Beim Lösungsvorgang geht es um die physikalische Wechselwirkung zwischen den Ionen und den Wassermolekülen. Die Vorgänge laufen an der Phasengrenze Kristalloberfläche/Wasser ab.

(Hierzu haben wir einen Schülerfilm.)

Die Wassermoleküle heften sich an die äußeren Ionen und polarisieren diese. Damit wird die interionische Anziehungskraft geringer; die Wasserdipole vermögen sich zwischen die Ionen zu schieben. Dann umhüllen sie die abgelösten Ionen und transportieren sie von der Kristalloberfläche weg. (Wenn das Wasser verdampft wird, läuft der umgekehrte Vorgang ab. Dann können die Ionen des Salzes sich wieder anziehen und das Gitter erneut aufbauen.)

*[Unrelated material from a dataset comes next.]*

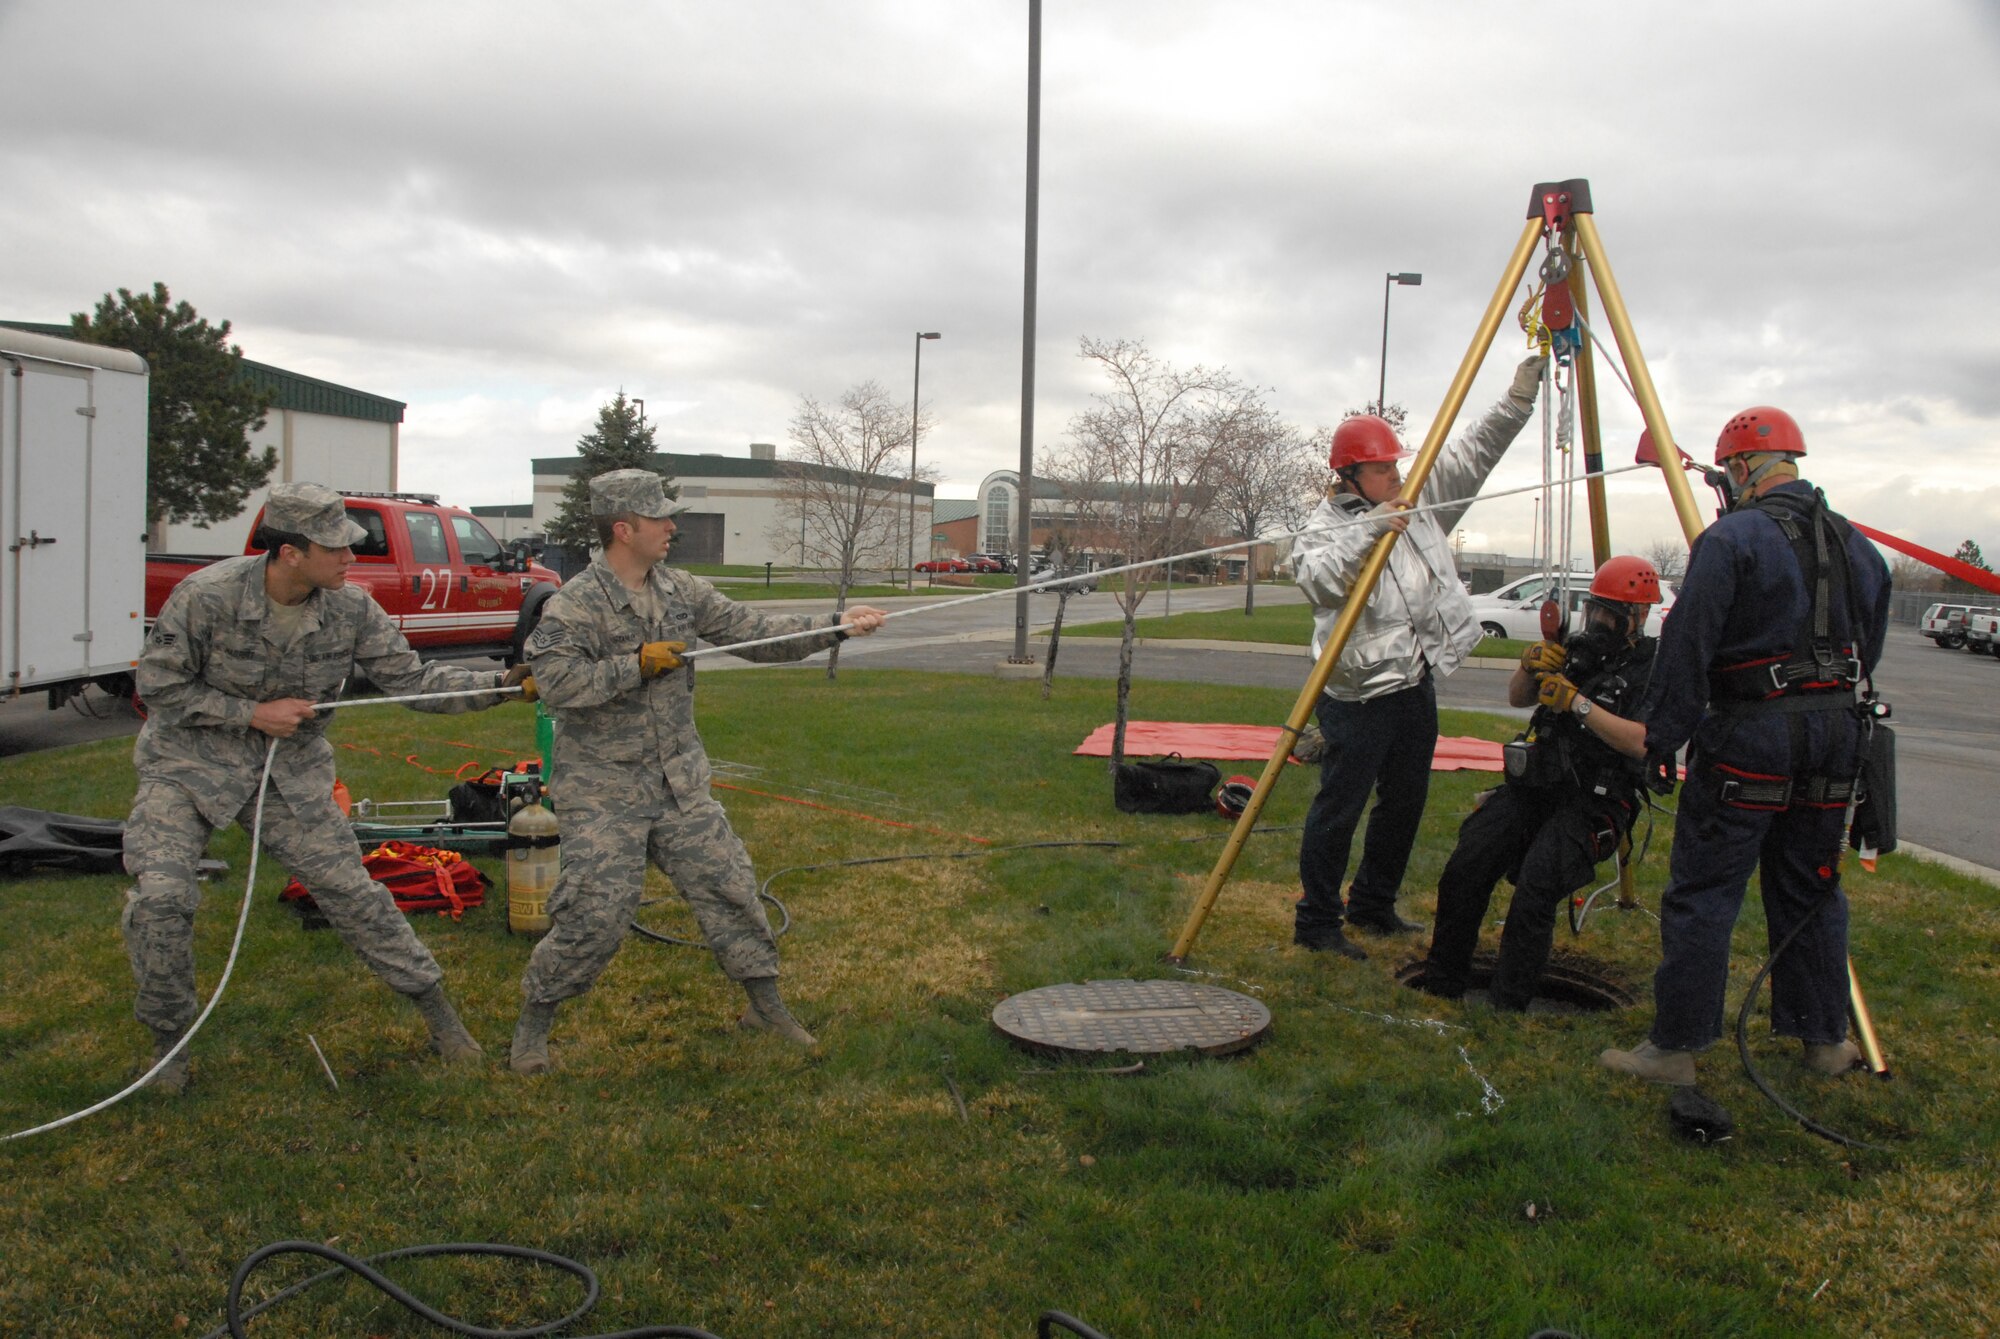 Firefighters with the 151st Air Refueling Wing participate in a confined space emergency rescue exercise April 11, 2013.  A mannequin lowered into a manhole served as a victim that Staff Sgt. Leo Jensen and Staff Sgt. Thomas Beck rescued.  Training exercises like this occur annually, allowing Guardsmen the chance to keep their abilities up to date, and to be prepared for any emergency.  (U.S. Air Force Photo by A1C Emily Hulse/Released)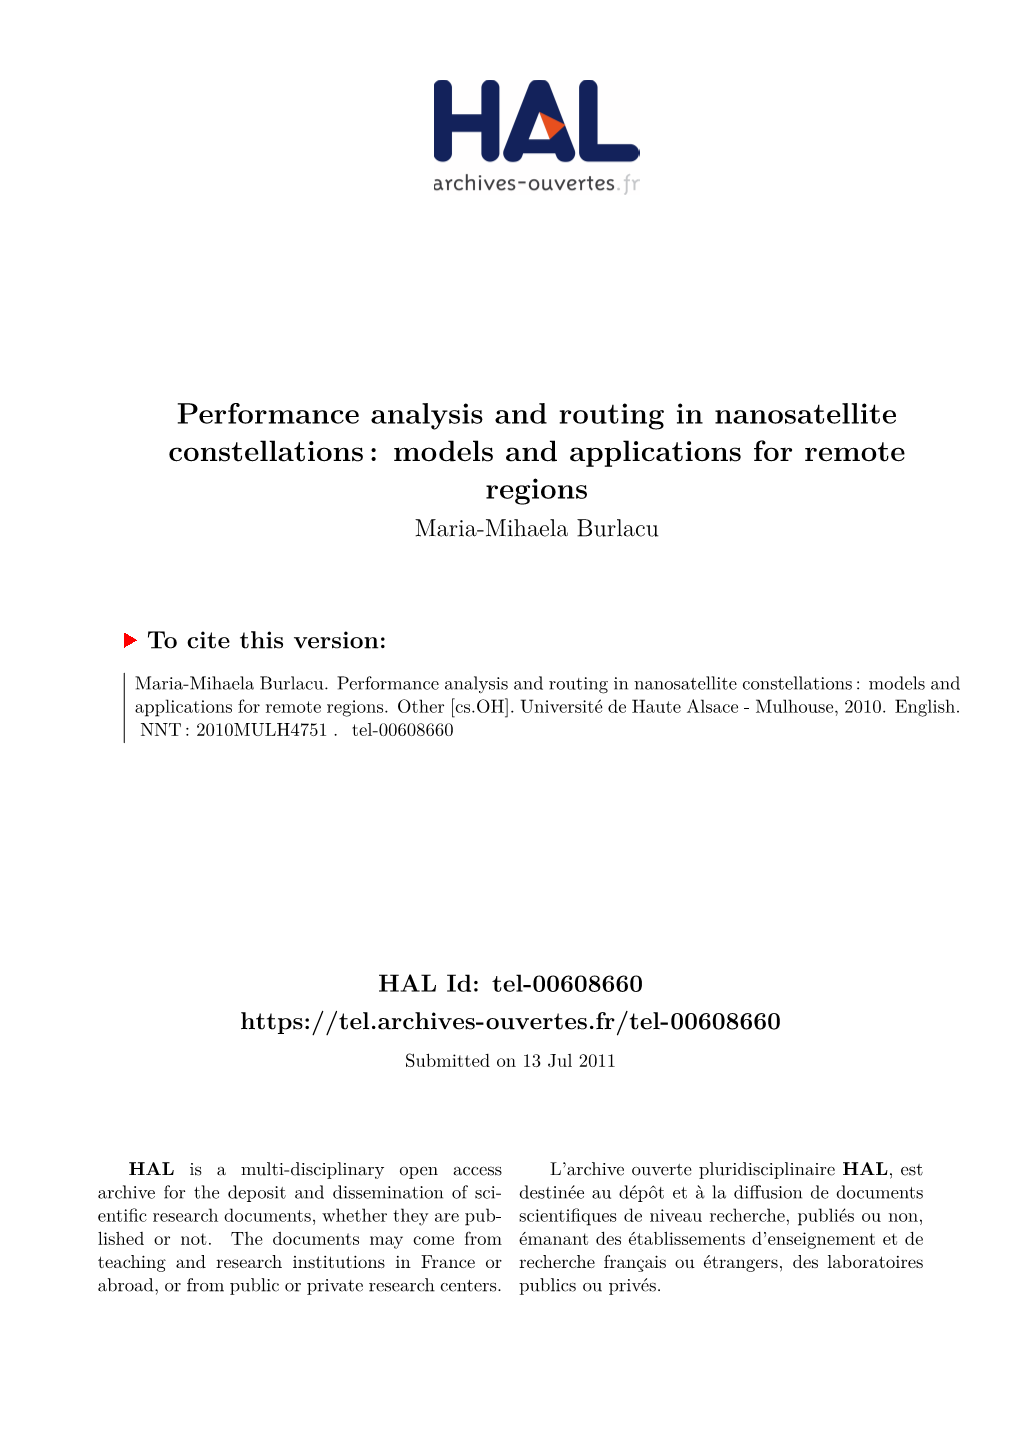 Performance Analysis and Routing in Nanosatellite Constellations: Models and Applications for Remote Regions

Um jedes gelöste Ion sammeln sich in exakter geometrischer Anordnung sechs Wassermoleküle. Man spricht von Hydrathüllen. Beim Kochsalz sind sie oktaedrisch angeordnet.

Wasserdipole umgeben in oktaedrischer Symmetrie die Ionen von NaCl.
(Die zwei unterhalb und oberhalb der Zeichenebene angeordneten Wasserdipole muss man sich dazu denken.)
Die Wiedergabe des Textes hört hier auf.